This month, the US Dept. of Agriculture is taking action to improve food safety before slaughter by convening three of its agencies highly involved in food safety – the Food Safety and Inspection Service, Animal & Plant Health Inspection Service and the Agricultural Research Service. All three agencies will meet to discuss ways to improve food safety in beef before cattle are slaughtered.

FSIS, APHIS and the ARS will explore new ways to control pathogens in beef animals before they arrive at the slaughter plant. USDA is especially interested in exploring how pathogens can be controlled on live animals to reduce the possibility beef could become contaminated with Shiga toxin-producing E. coli, Salmonella and other pathogens. The discussions are centering on the latest research and workshop discussions. USDA’s main interest is in working with cattle producers and beef processors to develop best practices to be carried out mainly by producers.

This is not the first time USDA has tried to increase the emphasis on food safety on the farm and ranch. Due to how federal and state meat and poultry inspection laws are crafted, most attention, regulations and inspection are post mortem, focused on meat and poultry carcasses and products. While farmers and ranchers carry out food-safety processes, they’ve always felt they’re immune from the Federal Meat Inspection Act and the Poultry Products Inspection Act, which were developed to clean up what were filthy conditions in slaughterhouses.

It would be impossible for the government to put producers under regulations with the same strength as those faced by the slaughter and processing industry. Producers and processors are involved in very different operations. But for a long time, USDA and its agencies have felt food safety can’t begin at the slaughterhouse door, that it must go back to where animals are being raised and in the feedlots. Dr. Elisabeth Hagen, Undersecretary for Food Safety at USDA, says focusing on prevention at every stage of food production is the key to a safer food supply in the US. While USDA doesn’t have authority to regulate beef producers the way it can processors, it can work with producers to set up food-safety practices to be carried out by them to minimize food-safety risks.

Capturing attention

The issue has attracted one of the USDA advisory groups, the National Advisory Committee on Meat & Poultry Inspection, and its Salmonella subcommittee. In response to a request by FSIS for input on developing and putting into practice more effective policies to control human exposure to Salmonella, the committee recommended FSIS participate in this month’s meeting to develop preharvest best practices and compliance guidelines for livestock, and eventually poultry producers.  In the 1990s, ARS conducted research programs to evaluate technology and management methods, so producers could achieve lower contamination levels in animals being presented for slaughter.

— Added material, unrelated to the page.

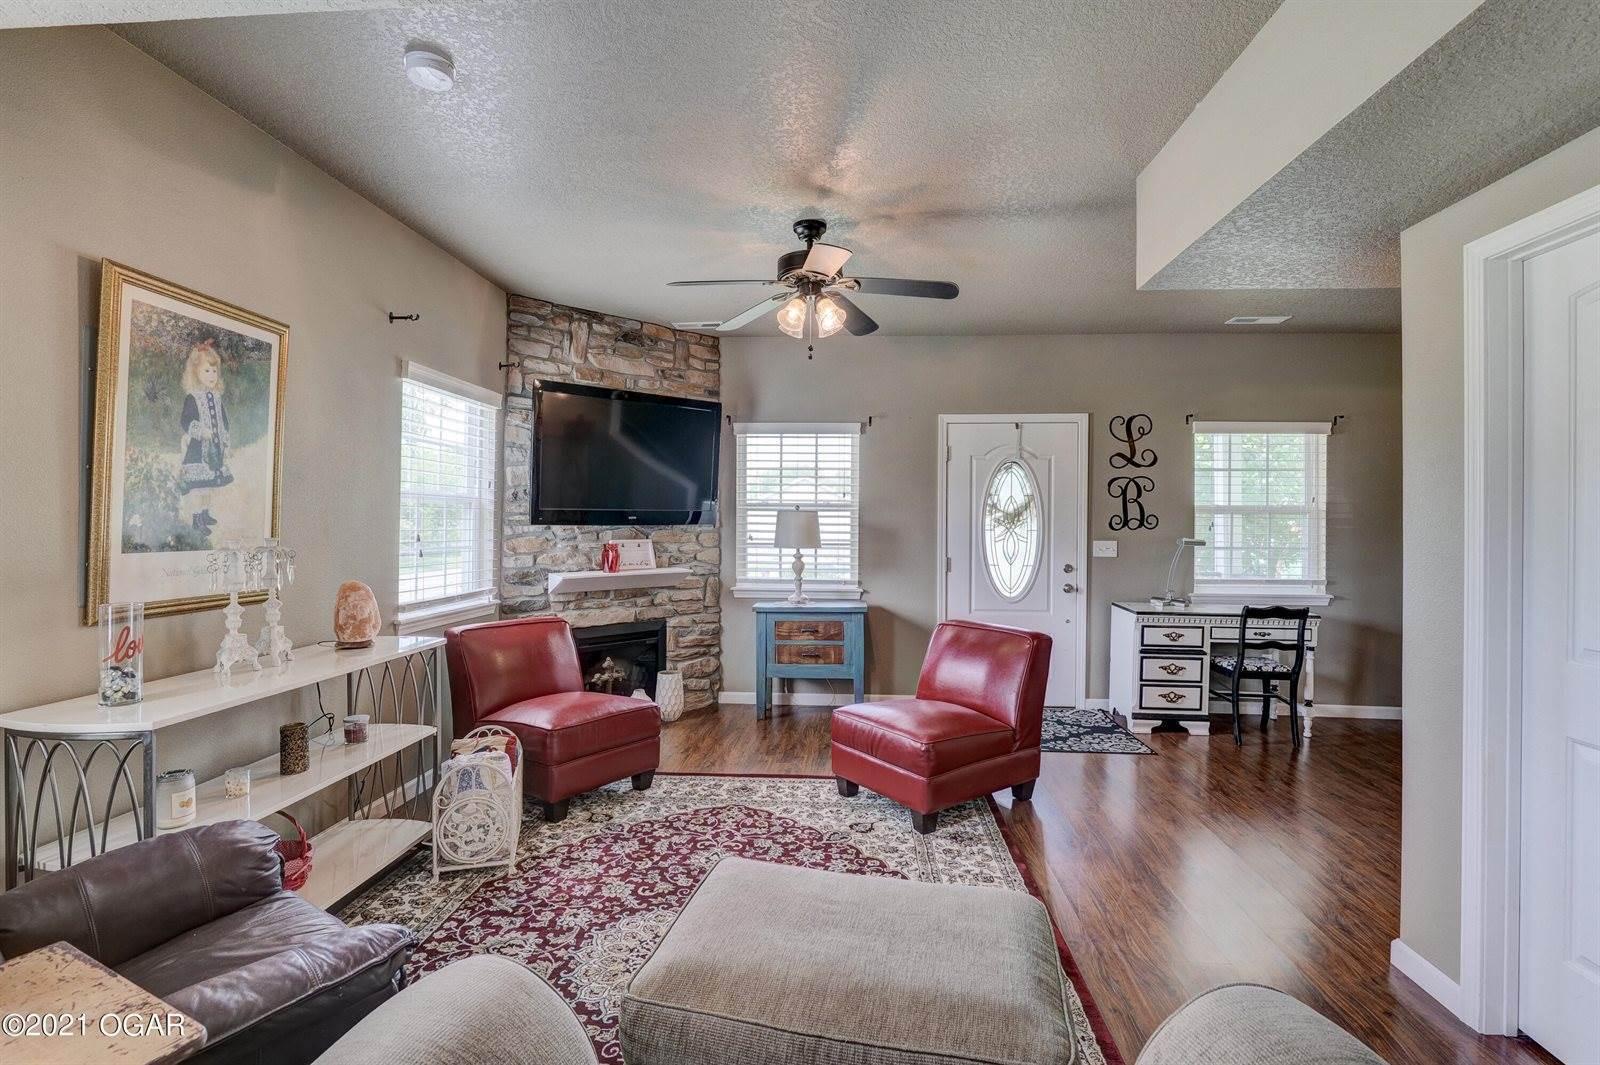 201 North Mina Avenue, Joplin, MO 64801

Three years ago, FSIS began to encourage pre-harvest interventions in cattle to help improve food safety throughout the farm-to-table process.

The agency was especially concerned about the conditions of animals entering plants before slaughter, as well as when slaughter actually took place; and the amount of contamination on the hides of the animals. All of these factors affect the ability to minimize risk at slaughter and afterwards.

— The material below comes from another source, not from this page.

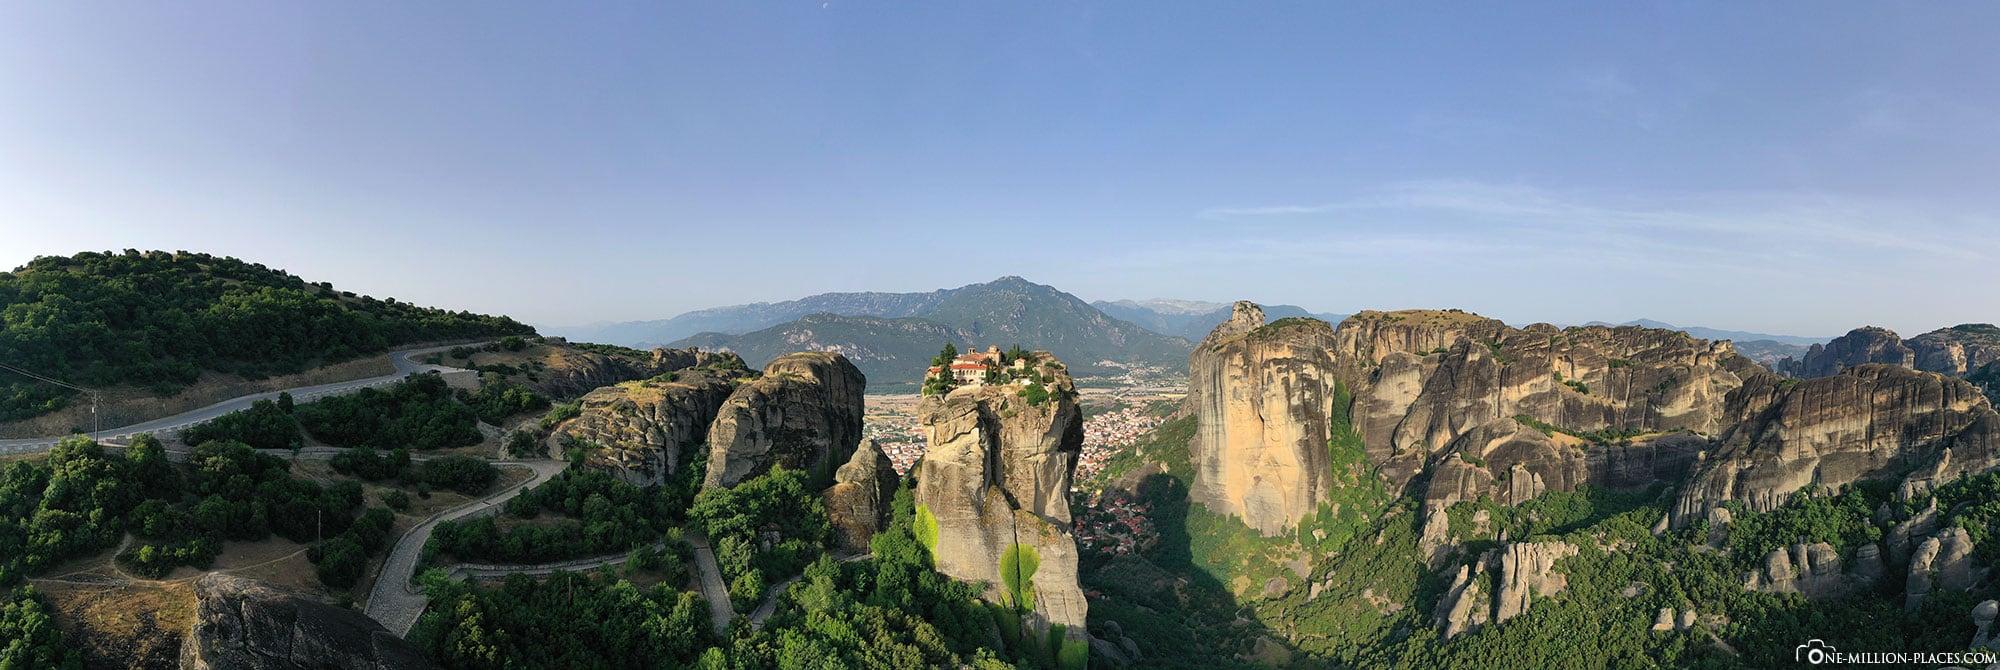 Panoramabild, Kloster Holy Trinity, Meteora, James Bond, Kloster auf Felsen, Griechenland, Reisebericht

FSIS has published pre-harvest guidelines to let beef slaughter establishments know about interventions that can be applied before slaughter, such as on-farm management controls to help reduce E. coli O157:H7 shedding in cattle. But it would make more sense to inform producers of these guidelines, and try to get them to implement the practices, rather than slaughterers and processors. FSIS is also recommending slaughter establishments obtain their cattle from beef producers who implement one or more documented pre-harvest management practices to reduce fecal shedding of pathogens.

USDA says pre-harvest interventions to eliminate fecal shedding of pathogens haven’t been found yet. But current research suggests at least two pre-harvest interventions, including certain probiotics – dairy foods or dietary supplements containing live bacteria added to the beneficial bacteria found in the gastrointestinal tract – and vaccines could be effective in reducing fecal shedding in cattle.

Cattle producers should certainly be made aware of this development. And instead of FSIS encouraging slaughter plants to notify cattle producers about these developments, agencies like APHIS and others that work with producers should let them know directly what they expect in preharvest food safety.